THE TASK -> Write out the listing below exactly, and omit any images you find in it.

STORED DATA ->
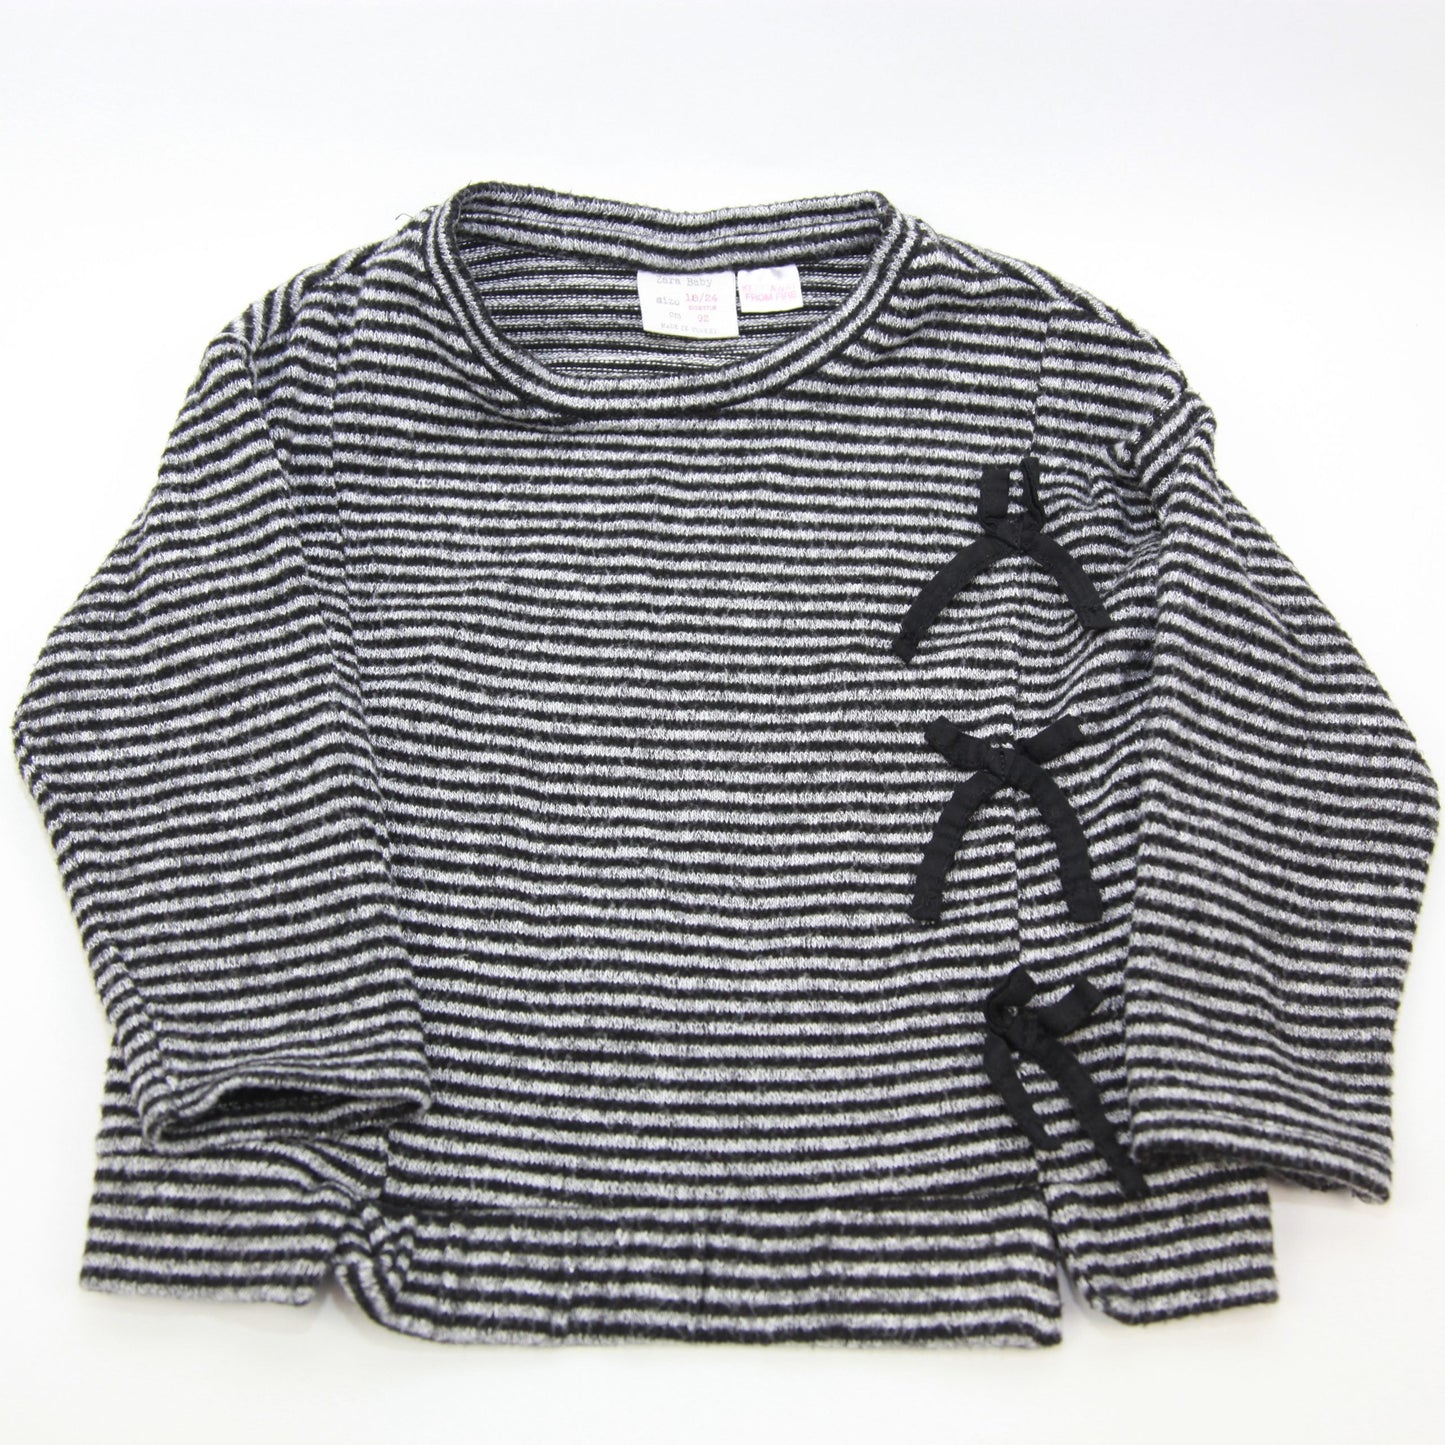 Zara Baby Sweater 18-24M 
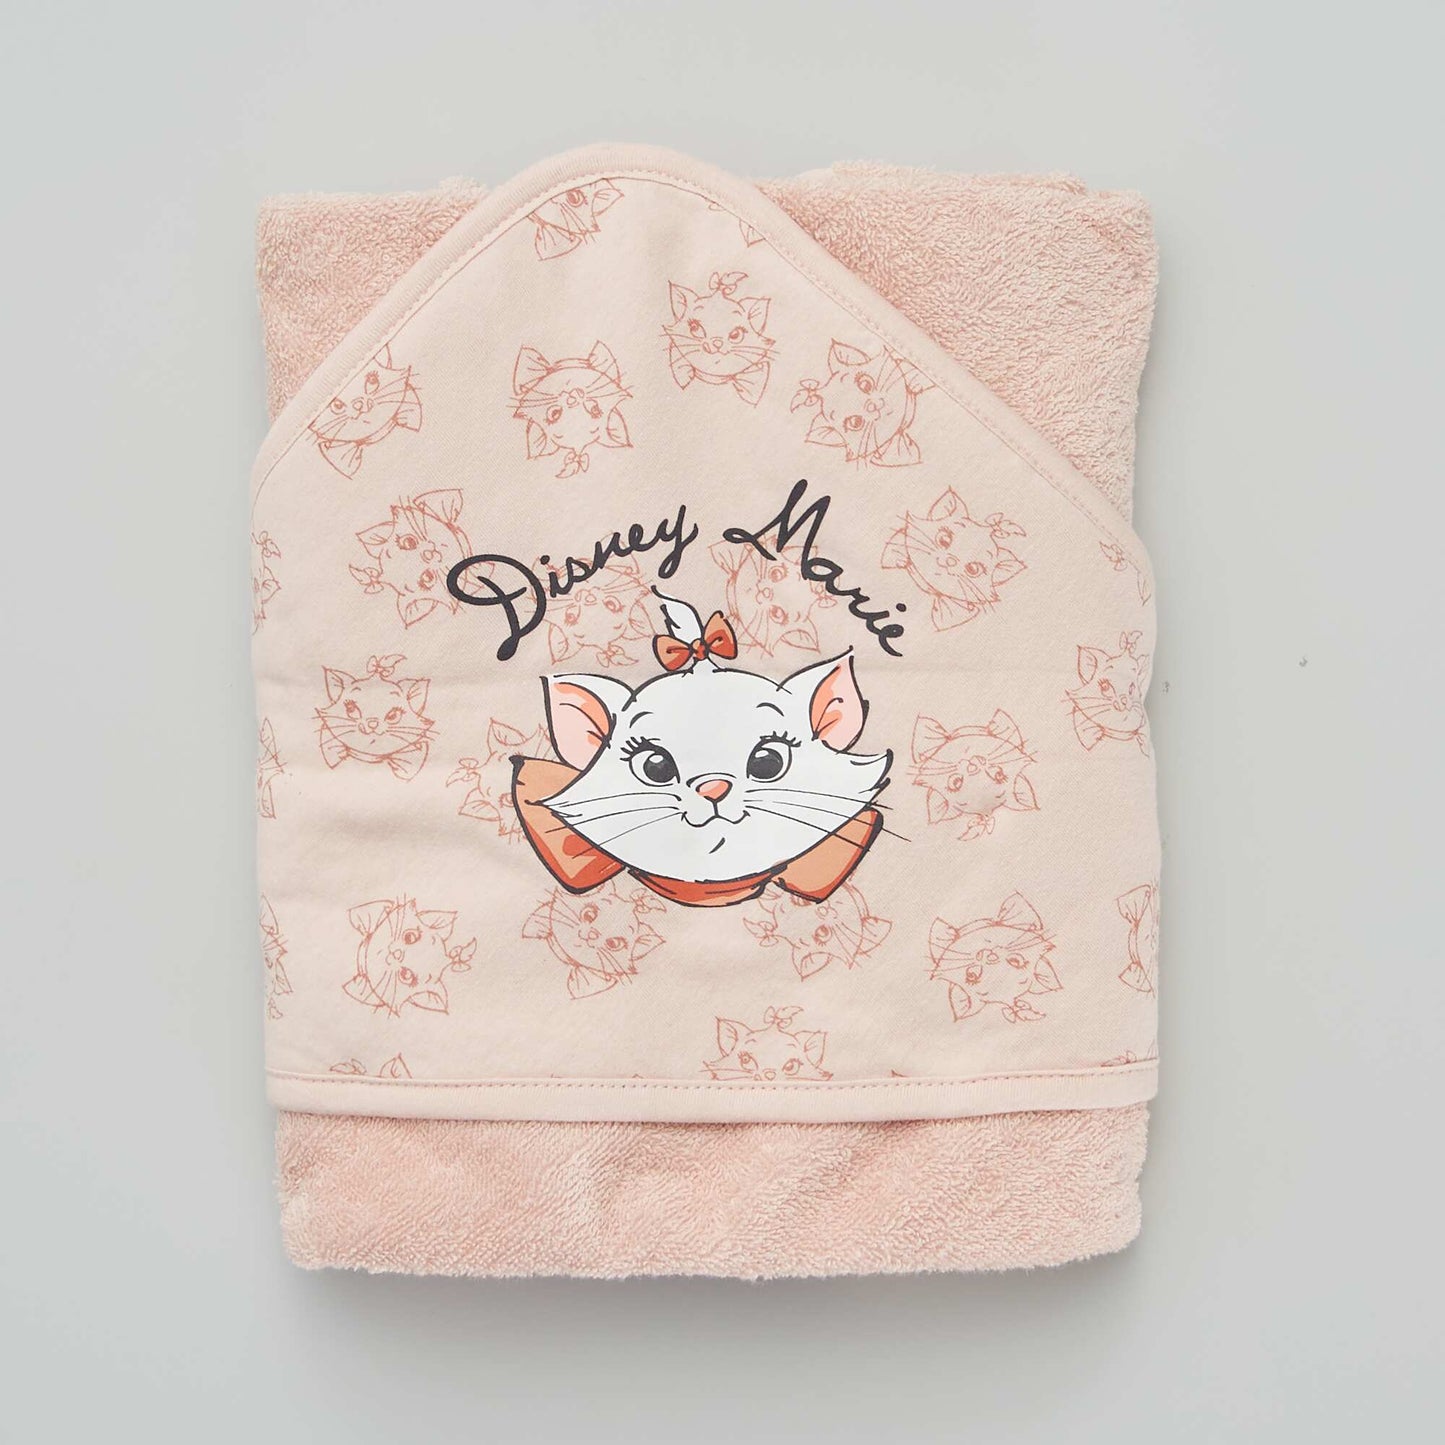 'Disney' hooded bath towel PINK
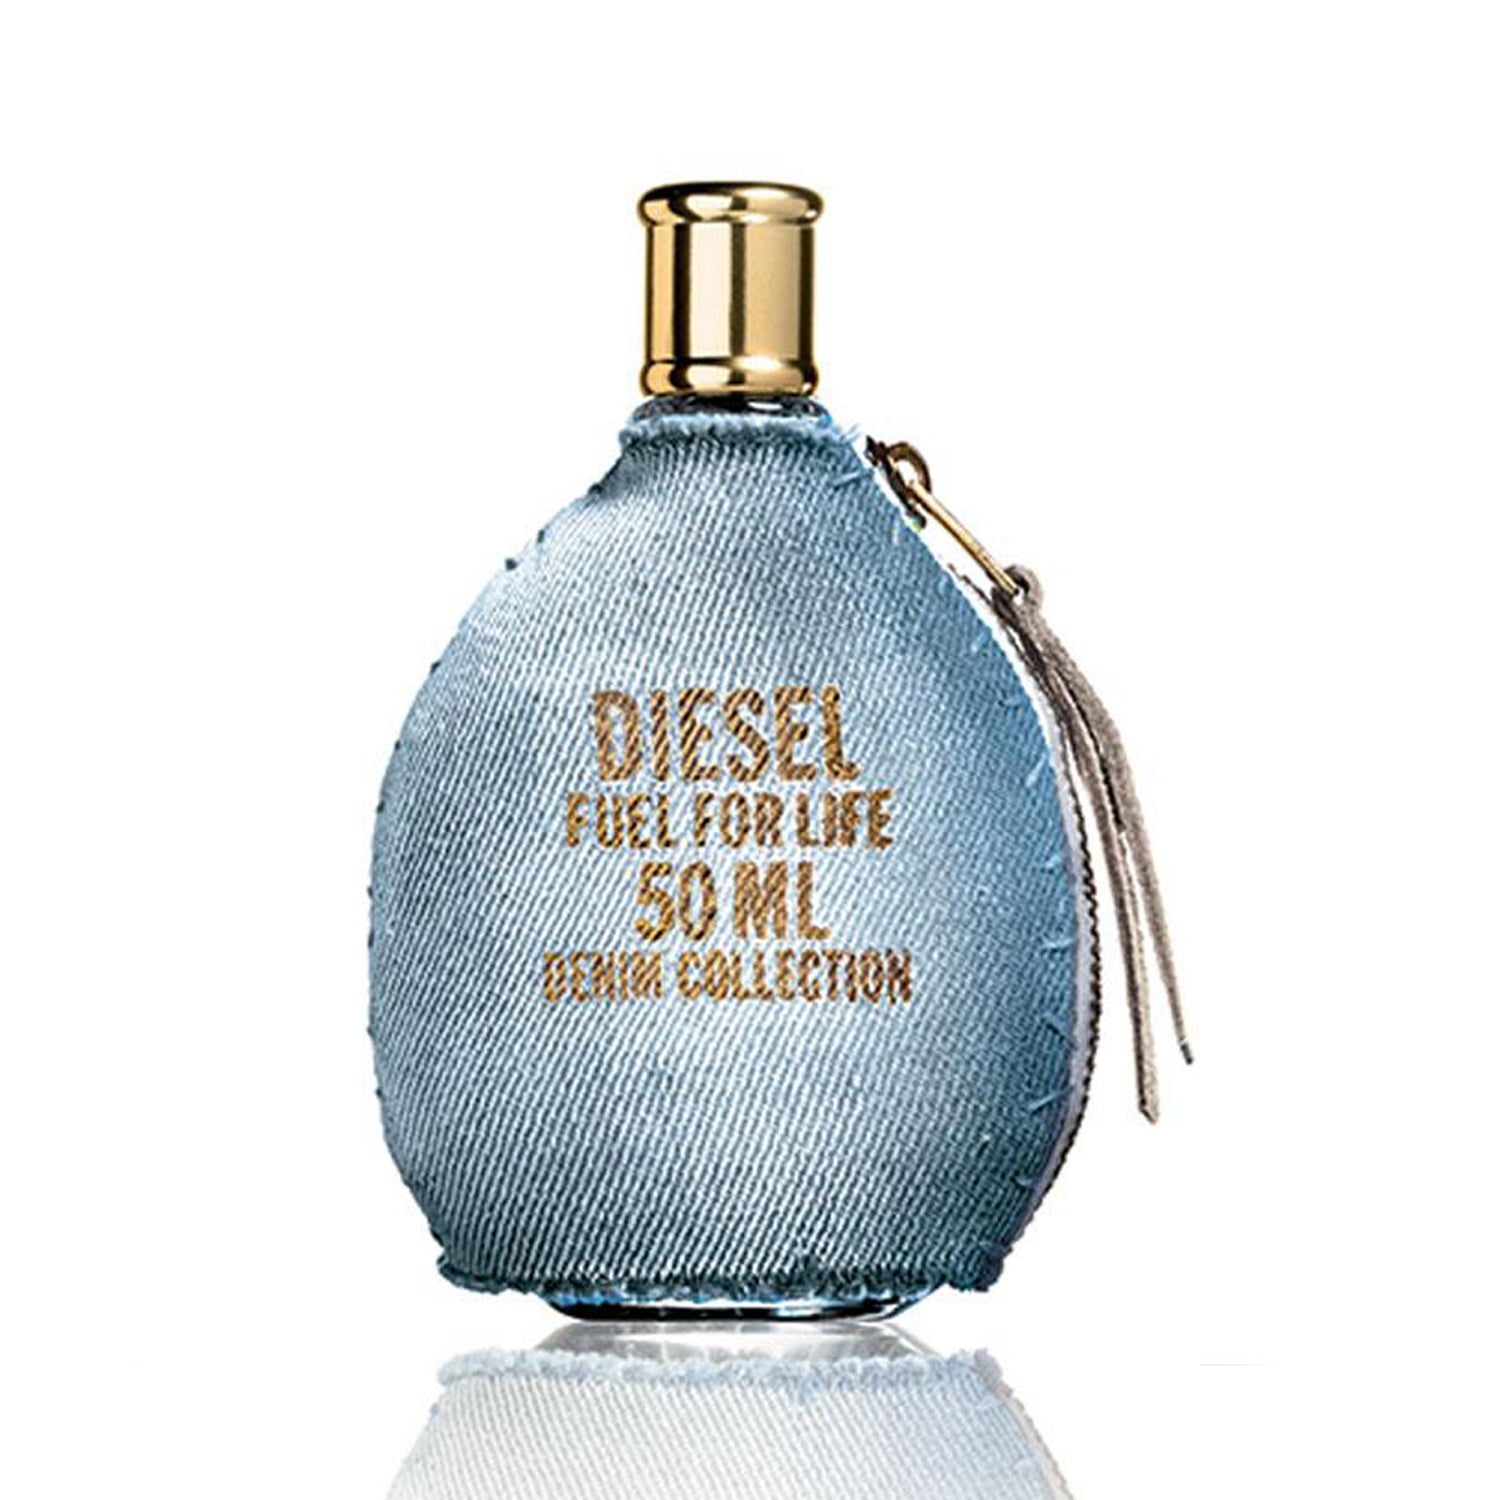 Diesel Fuel For Life Denim Eau de Toilette Spray 50ml (Women)

EXERCISE SOLUTION ->
 Zara Baby Sweater 18-24M 
 'Disney' hooded bath towel PINK
 Diesel Fuel For Life Denim Eau de Toilette Spray 50ml (Women)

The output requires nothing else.